Avaya is an enterprise software leader that helps organizations and government agencies connect effectively. The Senior Data Engineer will design and operate low-latency streaming pipelines and robust batch ETL/ELT processes, ensuring data quality and compliance while collaborating with application teams and analytics to deliver data products.
Responsibilities:
- Design, build, and operate low-latency streaming pipelines (Kafka, Spark Structured Streaming) and robust batch ETL/ELT on Databricks Lakehouse
- Establish reliable orchestration and dependency management (Airflow), with strong SLAs and on-call readiness for business-critical data flows
- Model, optimize, and document curated datasets and interfaces that serve analytics, product features, and AI workloads
- Implement data quality checks, observability, and backfills; drive root-cause analysis and incident prevention
- Partner with application teams (Go/Java), analytics, and ML/AI to ship data products into production
- Build and maintain datasets and services that power RAG pipelines and agentic AI workflows (tool-use/function calling)

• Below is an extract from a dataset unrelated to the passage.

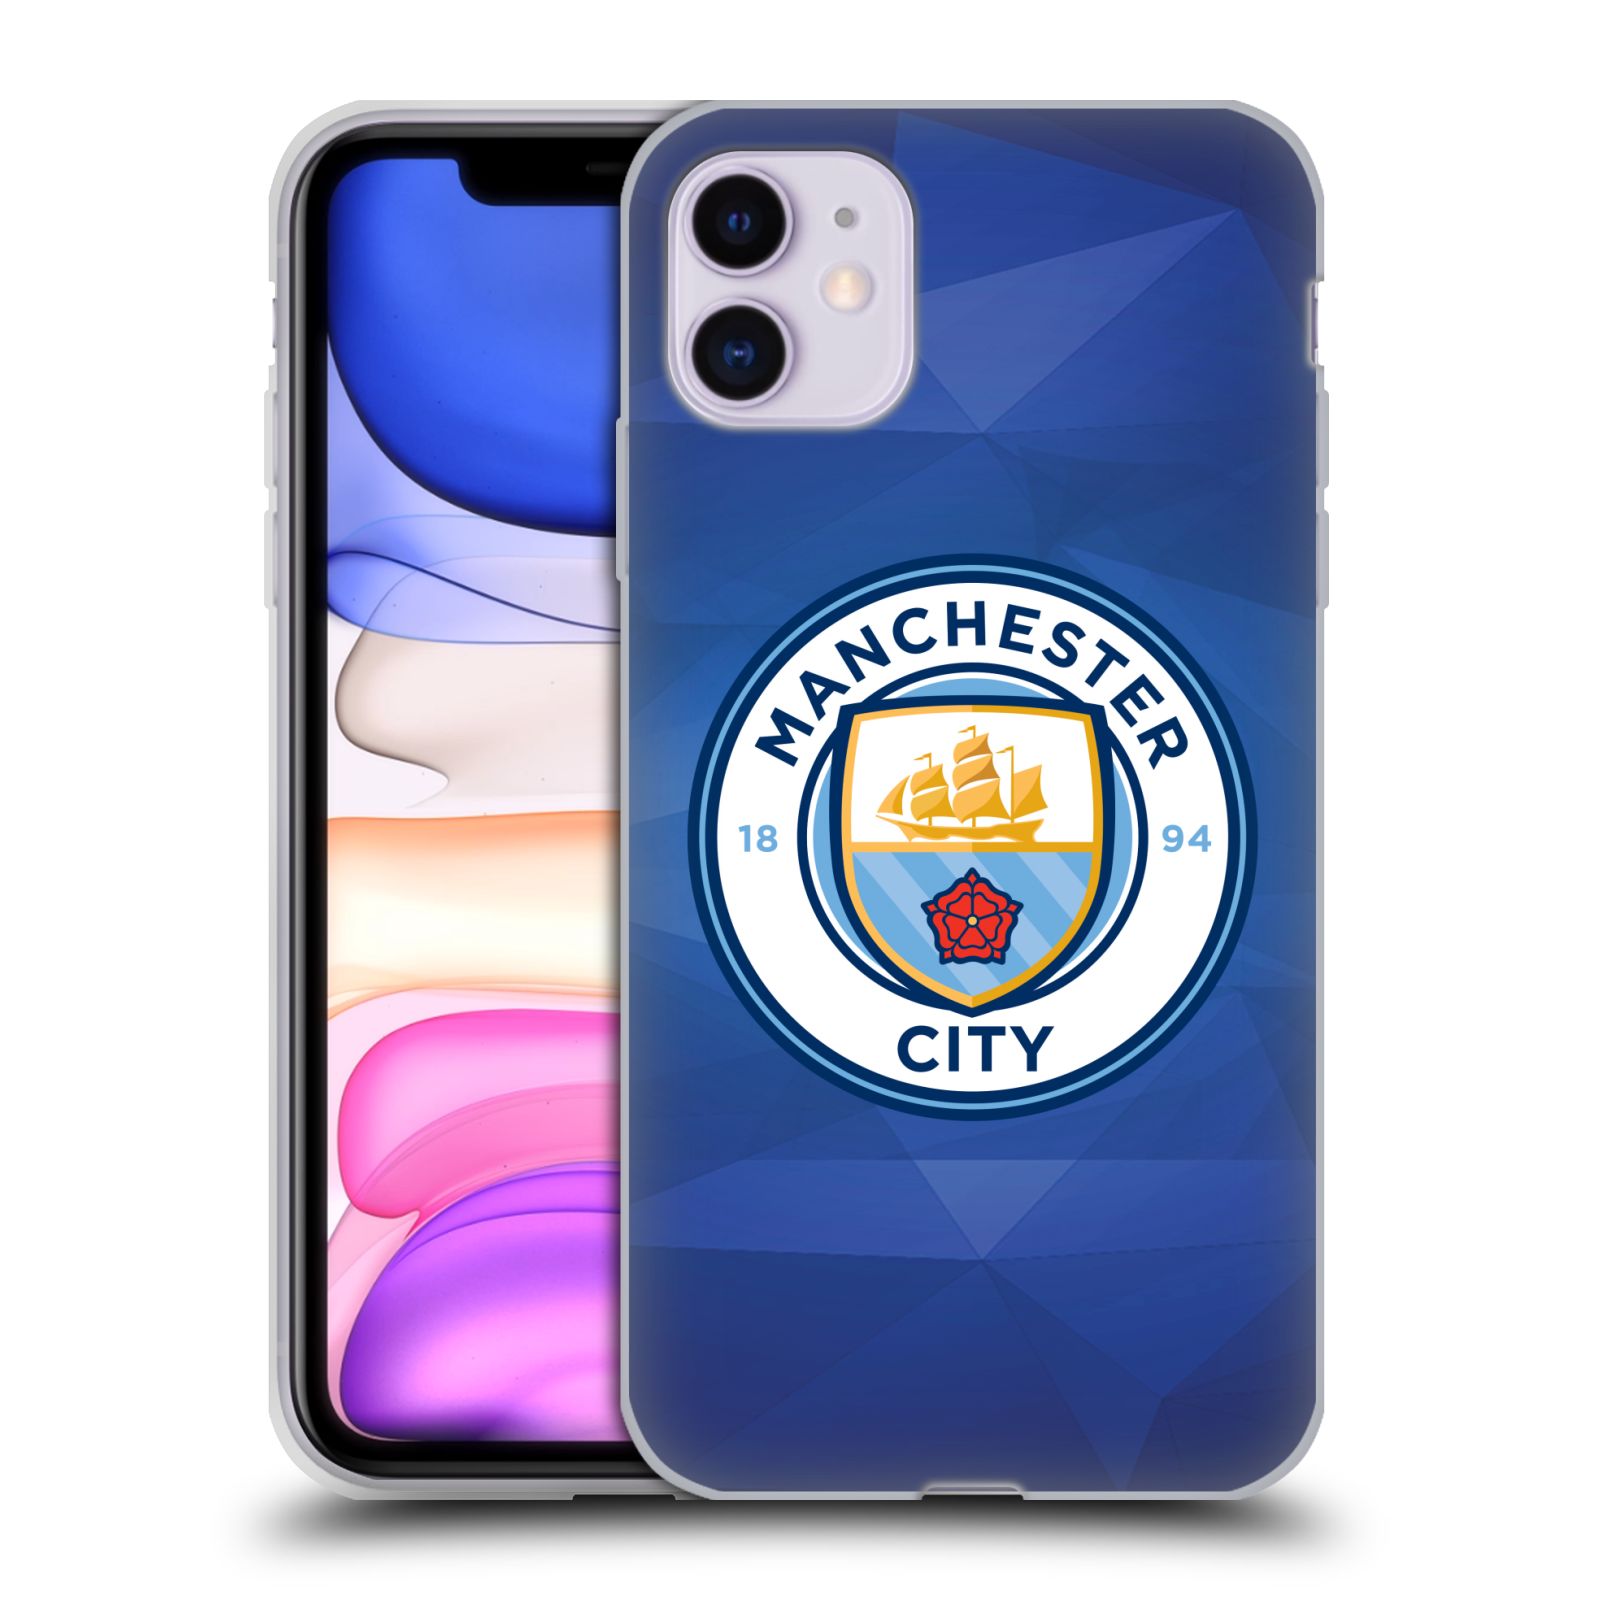 Silikonové pouzdro na mobil Apple iPhone 11 - Head Case - Manchester City FC - Modré nové logo (Silikonový kryt, obal, pouzdro na mobilní telefon Apple iPhone 11 s displejem 6,1" s motivem Manchester City FC - Modré nové logo)
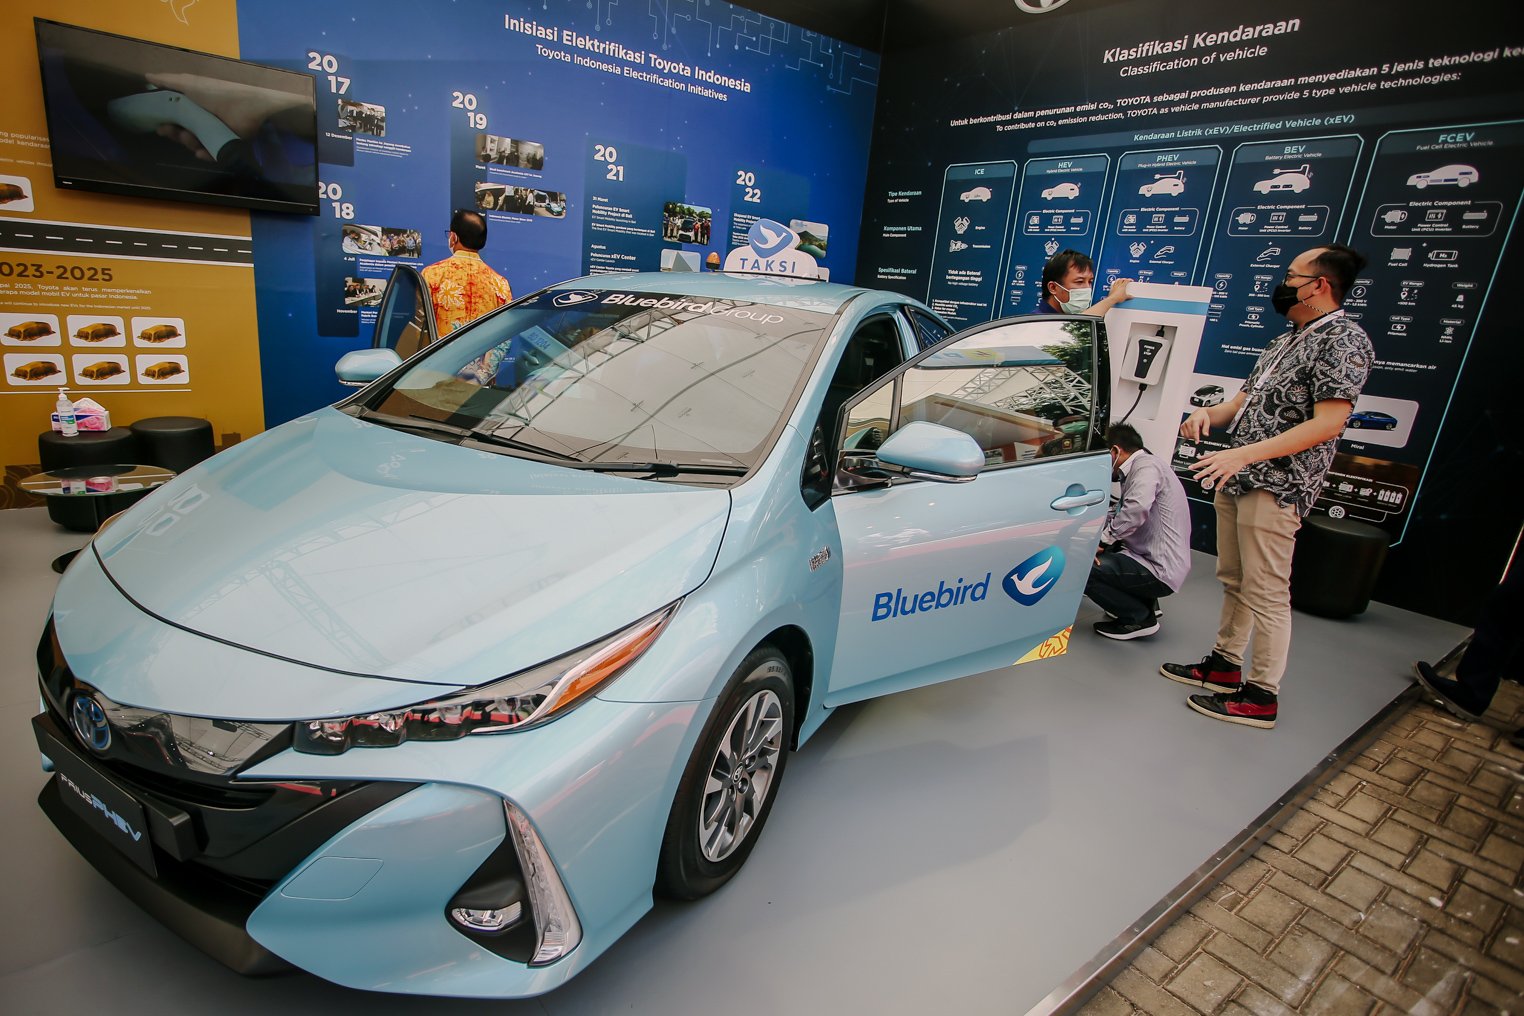 Pengunjung melihat armada angkutan umum Blue Bird yang menggunakan Toyota Prius Plug-In Hybrid Electric Vehicle (PHEV) di ajang Pameran Indonesia Electric Motor Show (IEMS) 2021 di Puspiptek, Serpong, Tangerang Selatan, Banten, Kamis (25/11/2021). Emiten transportasi PT Blue Bird Tbk (BIRD) rencananya hingga tahun 2025 akan menghadirkan taksi listrik sebanyak 10 ribu unit sebagai kendaraan umum ramah lingkungan. ANTARA FOTO/Muhammad Iqbal/wsj.

- When Spark/Databricks isn’t optimal, design and operate custom processors/services in Go to meet strict latency or specialized transformation requirements
- Instrument prompt/response and token usage telemetry to support LLMOps evaluation and cost optimization; provide datasets for labeling and golden sets
- Improve performance and cost (storage/compute), review code, and raise engineering standards
- Design data solutions aligned to enterprise security, privacy, and compliance requirements (e.g., SOC 2, ISO 27001, GDPR/CCPA as applicable), partnering with Security/Legal
- Implement RBAC/ABAC and least-privilege access; manage service principals, secrets, and key rotation; enforce encryption in transit and at rest
- Govern sensitive data: classification, PII handling, masking/tokenization, retention/archival, lineage, and audit logging across pipelines and storage
- Build observability for data security and quality; support incident response, access reviews, and audit readiness
- Embed controls in CI/CD (policy checks, dependency vulnerability scanning) and ensure infra-as-code adheres to guardrails
- Partner with security engineering on penetration tests, threat modeling, and red-team exercises; remediate findings and document controls
- Contribute to compliance audits (e.g., SOC 2/ISO 27001) with evidence collection and continuous control monitoring; support DPIAs/PIAs where required
Requirements:
- 6+ years building production-grade data pipelines at scale (streaming and batch)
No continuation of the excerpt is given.